Croisières Coudrier

Grosse Île




Un autre automne à Québec. Construction everywhere. A white disc of sun presses through, like a light bulb behind a dirty sheet. Fog. But on days ensoleillé, the light seems grades brighter, sharper. Because of the river?

Finally made the cruise to Grosse Île le samedi passé. A good boat provided by Croisières Coudrier. From a seat in front, to see as much as possible, I was first struck by the length of Île d'Orléans, along which we cruised for what seemed to be half the 90 minute trip. Could see the wide chutes de Montmorency in the distance, silos rising from the big farms. A river, yes, but so wide the shores seem a mirage, an illusion of land. A dream of white church spires and white birch trunks and pretty, red-roofed houses. Into the tossy slate waves that expel crests of foamy breath, nosing up, plunging down. Le fleuve nudges, slaps, at the Orléans wharf, a sudsy ring edges back and forth from a breakwater of sharp, umber rock.

The St Lawrence seaway, something every school child learns of, and now I am cruising on it, towards the wide mouth that opens to the Atlantic beyond the Gaspé I will never reach.

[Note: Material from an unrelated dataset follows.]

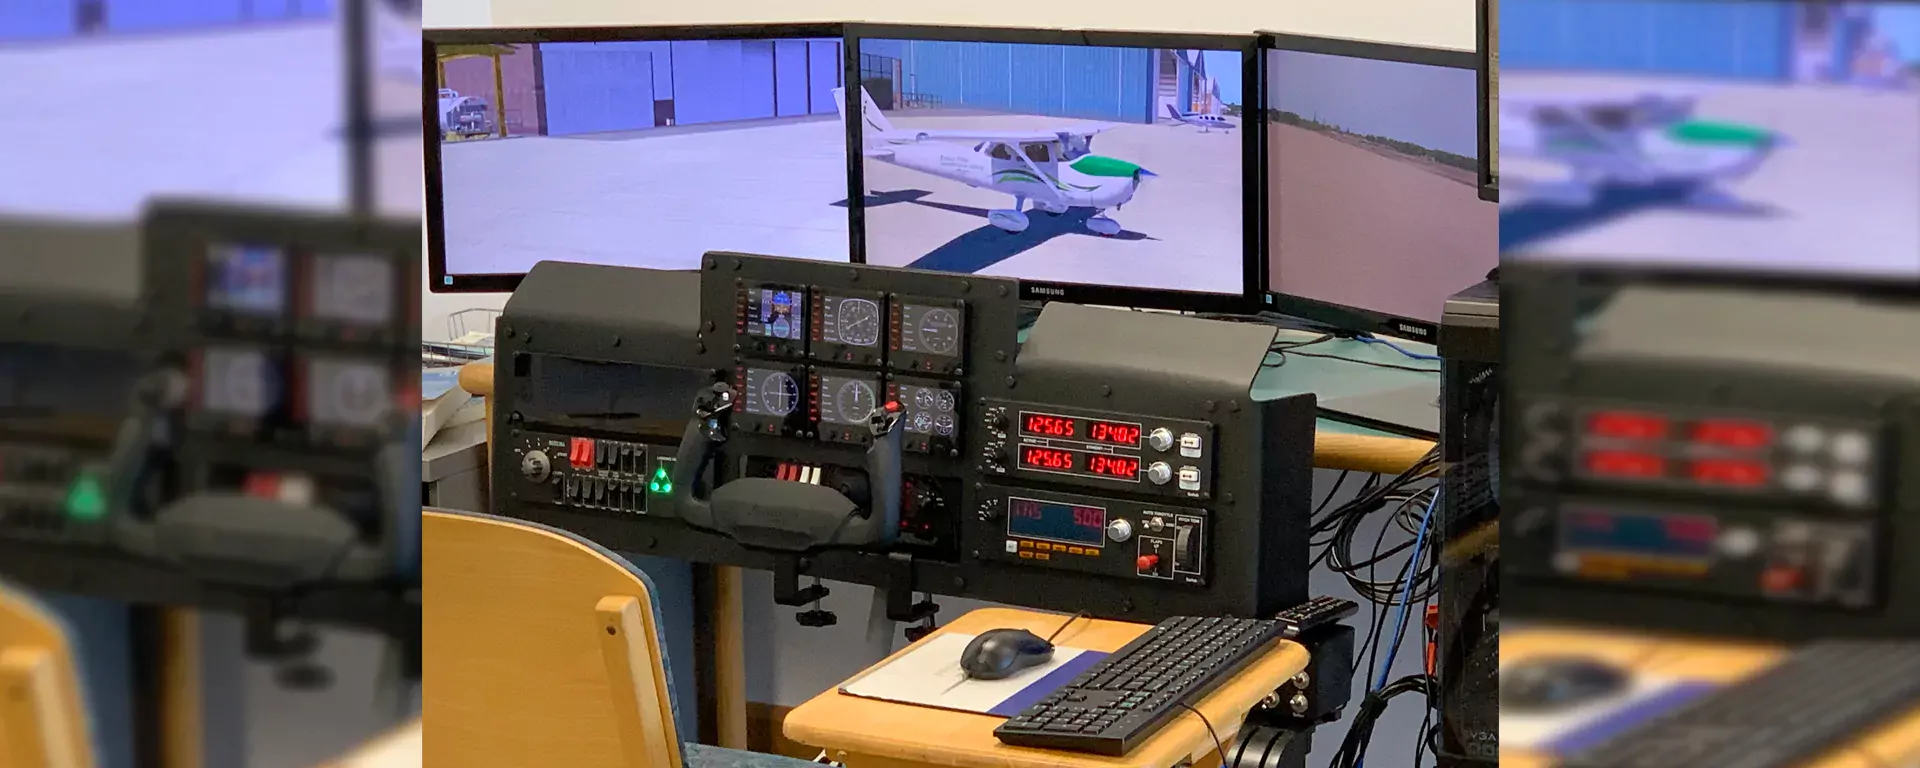 image of the flight simulator at Robert Morgade Library

Not on this trip. Beyond d'Orléans, at Île Madame, the water is just 10% salt. The islands in the distance float like dark cream above le fleuve, another illusion, of course, but land may have seemed that unlikely to the voyagers who glimpsed it, finally, after weeks at sea. The mountains to the north, cloud shadows changing shape over them, blue marine against a hundred shades of green and the threatening russet.

As we near Grosse Île I spot the Celtic cross that soars up from the highest rocky point. Facts channel out from the guide's microphone. From 1832 to 1873, 55.8 percent of the immigrants who stopped here were fleeing Ireland. 40-50 died every day. In 1847 alone, 5,424 deaths. So precise those numbers. It has to be only a general ancestral association that causes my eyes to wet. Same as the tears that surprised me in the archives of the National Library in Dublin. As for my family, of the little we know, there is the fact that my grandparents arrived later in the 1800's, through Ellis Island.


Still, along the list of names inscribed on glass at the Irish memorial above the lumpy grass beneath which coffins are stacked one upon the other, I see one Mary Curry, four Mary Ryans, ghosts with the names of my grandmothers. Perhaps women like they were, but whose hopes typhus fever burned to nothing. I see my own name too. The young Parks Canada guide, his English words charmingly accented with Québecois, explains the famine, the failure of the potato crop, the insistence of the English landlords that tenant farmers use their oat crops to pay the rent. He talks about the doctors who fell ill trying to cure, the priests who came to administer the last rites and soon joined the crowded path from Grosse Île to the next life. The day has warmed. The guide slips off his handsome green jacket and his cap and places them on a rock. That he is sympa enough to imagine the suffering he describes is apparent as he speaks, and improbable though it is this late in the this season, a butterfly casually flutters across the space between him and his audience.

One Lazeretto still stands from 1847. Inside, a glass case holds some objects found under the building, the stained bowl of a clay pipe and a brogue of brittle brown leather, heel collar pressed down, laces lost.